Dr. Anderson begins with a familiar discussion in Christian
Theology of the devastating nature and effects of sin brought by Adam’s
transgression. God created Adam and Eve after His image good--with the ability
to choose good or evil. Adam for unknown reasons chose to violate one of God’s
commandments. Subsequent to Adam’s transgression, sin was imputed, inherited
and imitated, by all mankind.
Dr. Anderson asks the deep and difficult questions we are
confronted with, as Calvinists, in light of Adam’s transgression. It is the
very same questions believers in the past have had to struggle with such as St.

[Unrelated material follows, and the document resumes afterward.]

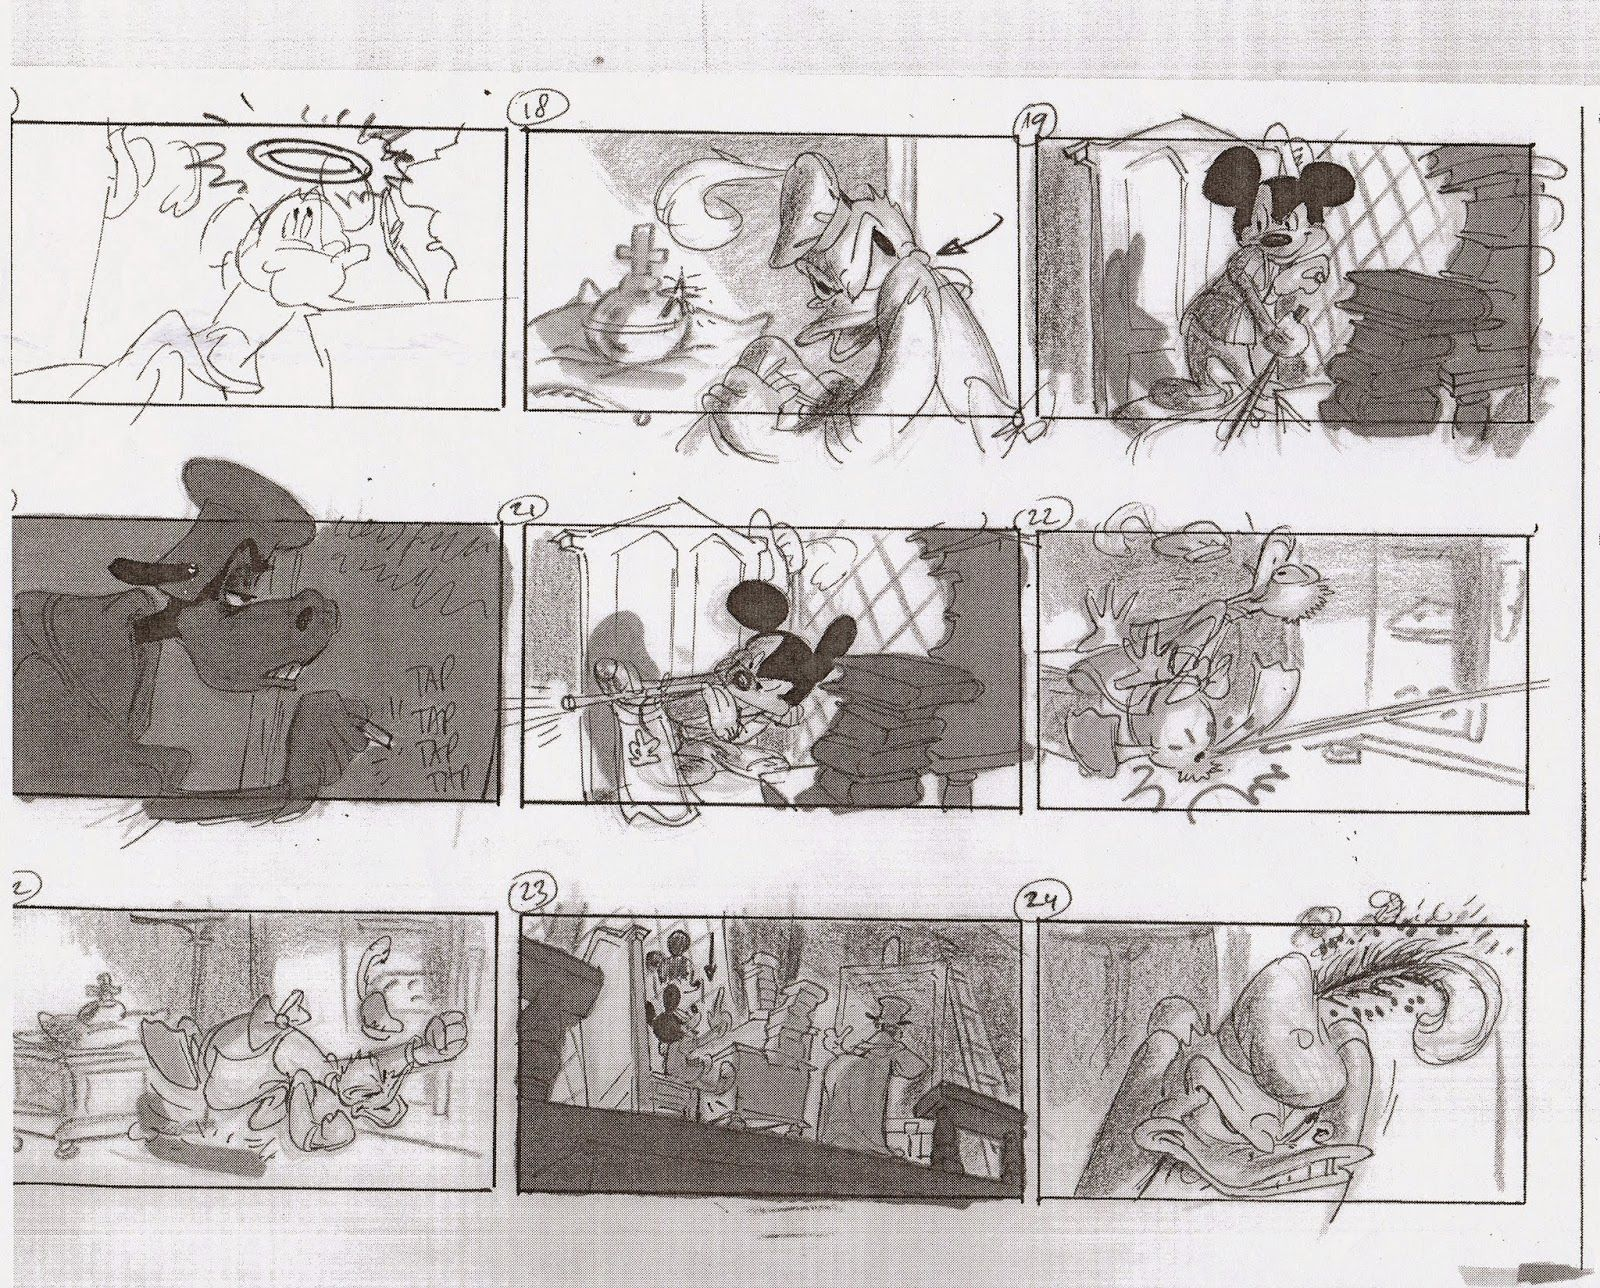 Deja View  Famous Dutch Comic Artist Daan Jippes

Augustine and Jonathan Edwards. Dr. Anderson states, “the most perplexing
question of all is simply this: If Adam was created good, why did he commit
evil?”[1]
Dr. Anderson stresses that it must be admitted, from the start,
that all theological traditions face difficulties. Nevertheless, all
theological traditions must each attempt to construct a coherent model to make
sense of God’s providence in relation to Adam’s sin. As we take Calvinism to be
the most faithful theological tradition to Scripture. We affirm: (1) God either
directly or indirectly determines all things (which includes Adam’s
transgression), (2) man freely determines actions and acts, and (3) God is
neither the author nor approver of sin. Yet it is precisely these affirmations
that require us to construct a coherent model. But many from other theological
traditions deem this as an impossible task. Dr. Anderson in the rest of his
paper directly addresses objections to the possibility of a Calvinistic model,
critiques alternative models, and then offers a Calvinistic model, which best
affirms (1), (2), and (3), with less (severe?) philosophical difficulties than
alternative models.
Dr. Anderson states that Calvinism is committed to divine
determinism in which God is the sufficient cause of all things. But how God
precisely determines and causes all things does not necessarily entail physical
or causal determinism. So then, in what way are we to understand “God
determines all things” and “God is the cause of all things?” Dr. Anderson
points out that Calvinism essentially is not committed to any specific view of
causality. Therefore many views are open to Calvinism. In this paper Dr.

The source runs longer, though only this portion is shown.